# May Photo of the Month 2022



## TaMMa89 (Apr 12, 2008)

The theme for this month is free.

In this month, you are allowed to participate the competition without a strict predefined theme. The only criteria are that the photo is related to horses or equestrian lifestyle.

You will have from May 5 to May 31 for entering your photo.

Please enter your one photo as a reply to this thread.
****

After May 31, the entry will be closed and a poll will be put up as a way for voting the Photo of May 2022. Once the entry has been closed, it is not possible to enter the competition with your photo anymore.

If you have something to ask, comment, etc., the fastest way to reach my attention is to tag my username @TaMMa89 in a message posted in this thread. I do check this thread during enrollment period, but not daily or every second day.

_Few rules:_
_Horses: you can participate with a photo of a horse that you own. If you participate with a photo of a horse that isn't yours, you must have the owner's permission to use a photo of their horse. Lesson horses are accepted, but it's polite to inform the stable of usage of the photo. In cases such as historical themes, in which the horse is deceased, the stable has been shut down well in the past and there's no chance to ask permission from the owner (for example because the owner has passed away), a member can use the photo of the horse, but respecting the privacy of the stable, other environment in the photo and people in that place.
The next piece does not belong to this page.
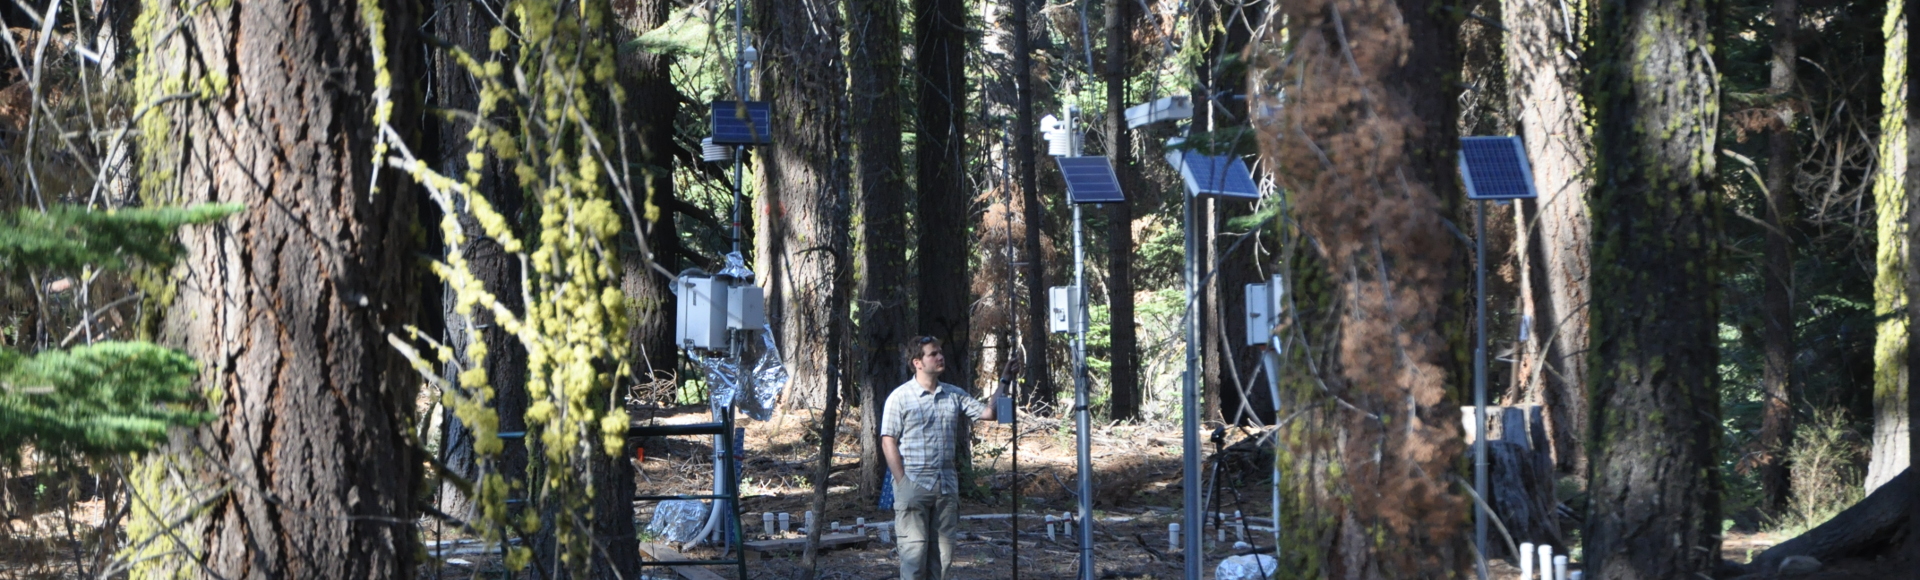 Deployment in the Southern Sierra, California

People: You must have permission from all people who are identifiable in the photo. Children under 18 years old: HorseForum age limit is 13 years, and Community Members who fit that age criteria can share photos of theirselves. If you share a photo of a person who is under 18 years old and who isn't you or your child, you must have the parent's or guardian's permission to participate. The HorseForum.com Moderating Team reserves right to remove photos of underage people if them risk young members' safety or anonymity.

Editing your entry: unlike on the rest of the forum - you can edit for replacing your photo with another photo within the enrollment period. Once the poll has been set up for voting, you cannot replace your photo anymore. Photos which have been replaced within voting period will be disqualified.
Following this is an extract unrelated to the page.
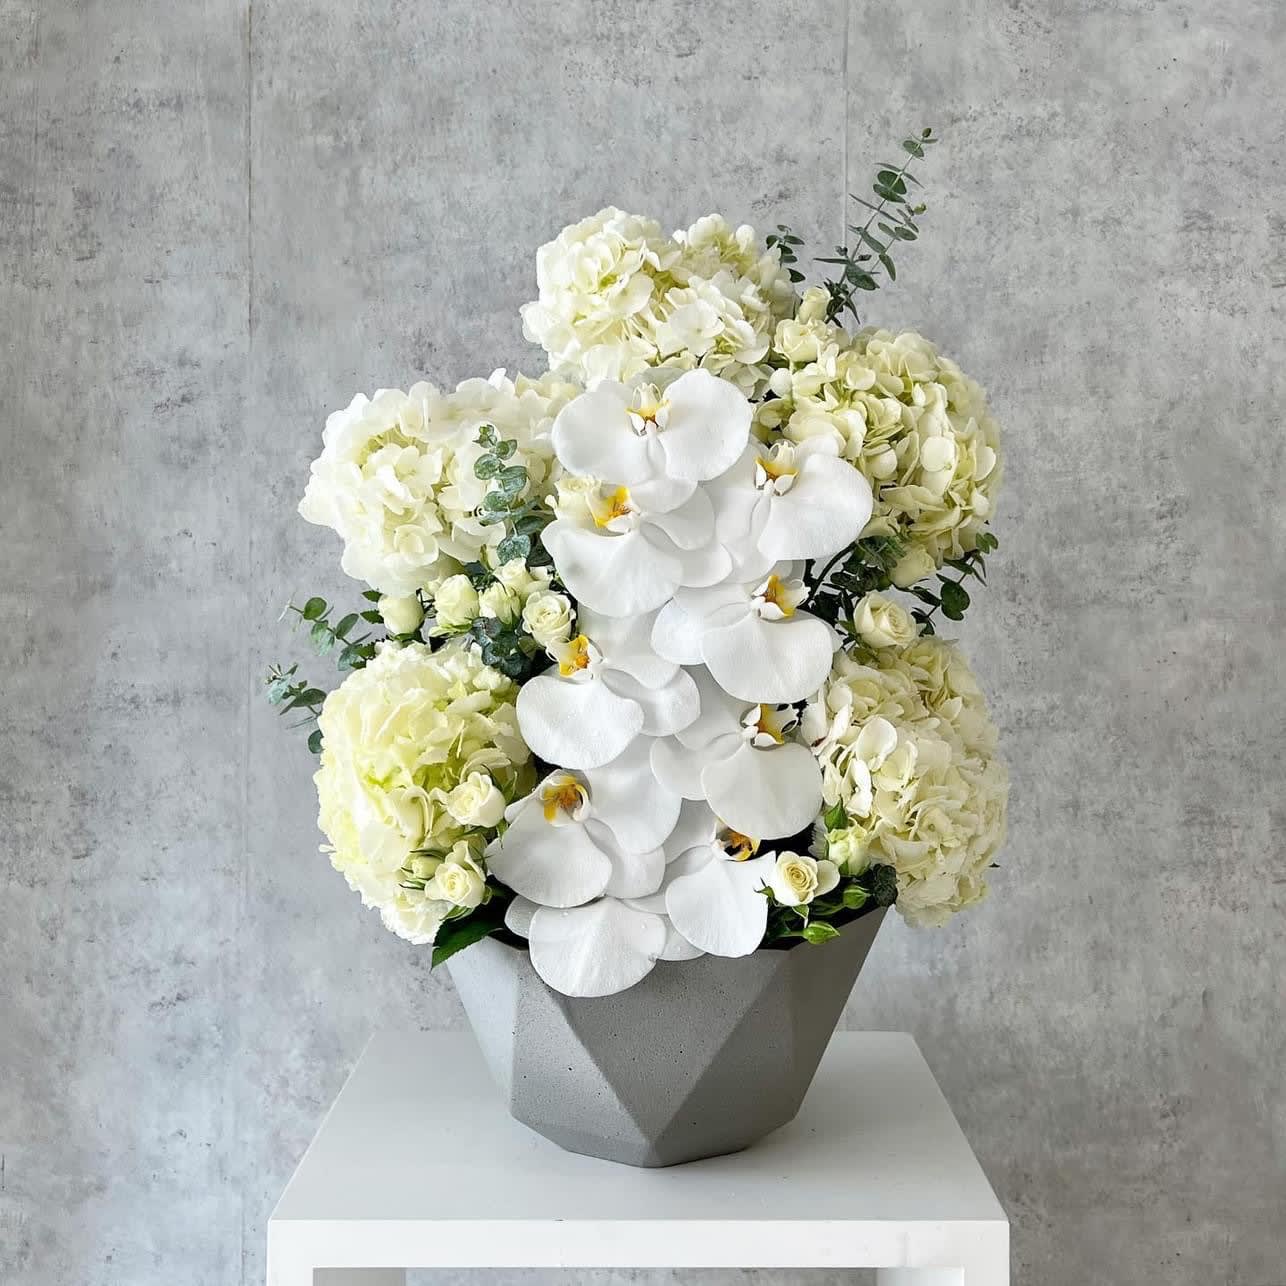 Orchid Hydrangeas modern design - Standard- Your order will be arranged approximately as shown on our website

Only one photo per a participant - if a participant adds more than one photo in the competition, the first one will be left for voting and others will be removed when the poll is being set up.
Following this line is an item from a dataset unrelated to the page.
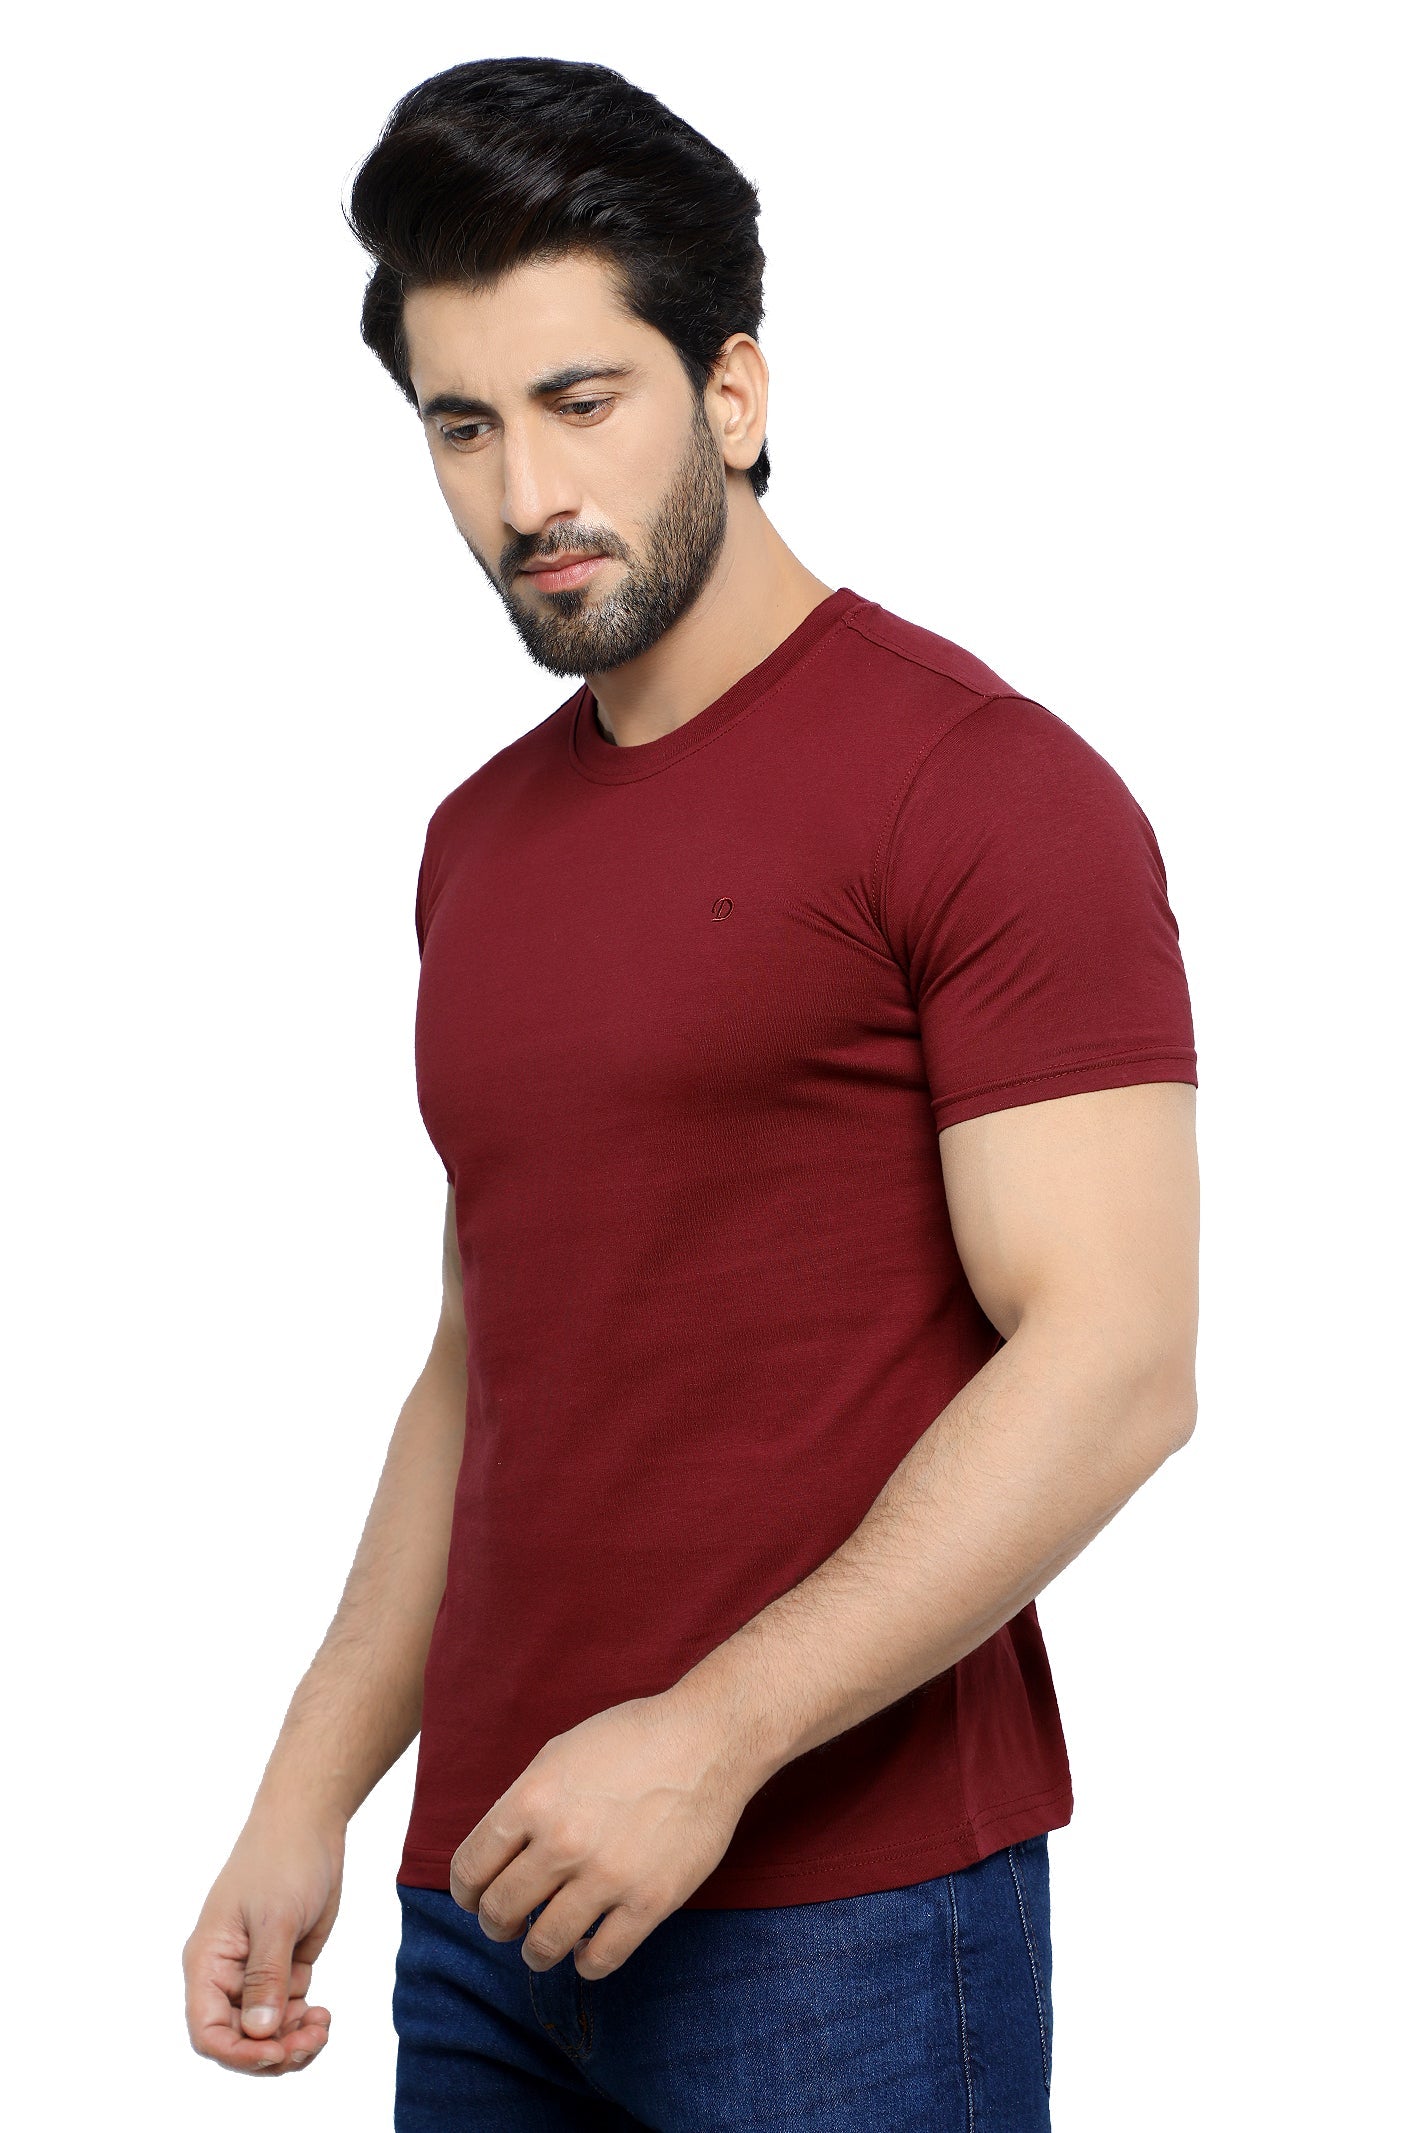 Diners Mens Round Neck T-Shirt SKU: NA856-MAROON - Diners

Please follow copyright laws of Canada while participating the competition. Photo proofs aren't allowed._

_If a competition in some month has some special rules for the said month, it'll be notified within the intro of the theme._

Have fun!

Ps. Want suggest a theme or few for the competition or have something else to suggest or say? Please check Photo of the Month competitions; feedback, suggestions etc.... thread!


----------



## Acadianartist (Apr 21, 2015)

You might think to yourself: "What a beautiful, graceful horse moving so elegantly and freely". In truth, this is Rusty going "OMGOMGOMGOMG there's a giant chicken in my pasture! Run away everyone, run away!" (It was a wild turkey)


----------



## Knave (Dec 16, 2015)




----------



## LooneyTickAcres (Jun 23, 2015)

Ok…not a horse…but equine. This is my mini Jack and his young friend Larry enjoying a moment. Yes…they have a perfectly good barn to stay dry in, but chose not to this day… Jack loves to let his goats scratch, nibble, rub, jump on and generally pay him attention!


----------



## My Salty Pony (Jan 1, 2022)

LooneyTickAcres said:


> Ok…not a horse…but equine. This is my mini Jack and his young friend Larry enjoying a moment. Yes…they have a perfectly good barn to stay dry in, but chose not to this day… Jack loves to let his goats scratch, nibble, rub, jump on and generally pay him attention!
> View attachment 1128413


Just too cute!!!! @LooneyTickAcres


----------



## Virginia gold is my horse (Jan 7, 2021)




----------



## Virginia gold is my horse (Jan 7, 2021)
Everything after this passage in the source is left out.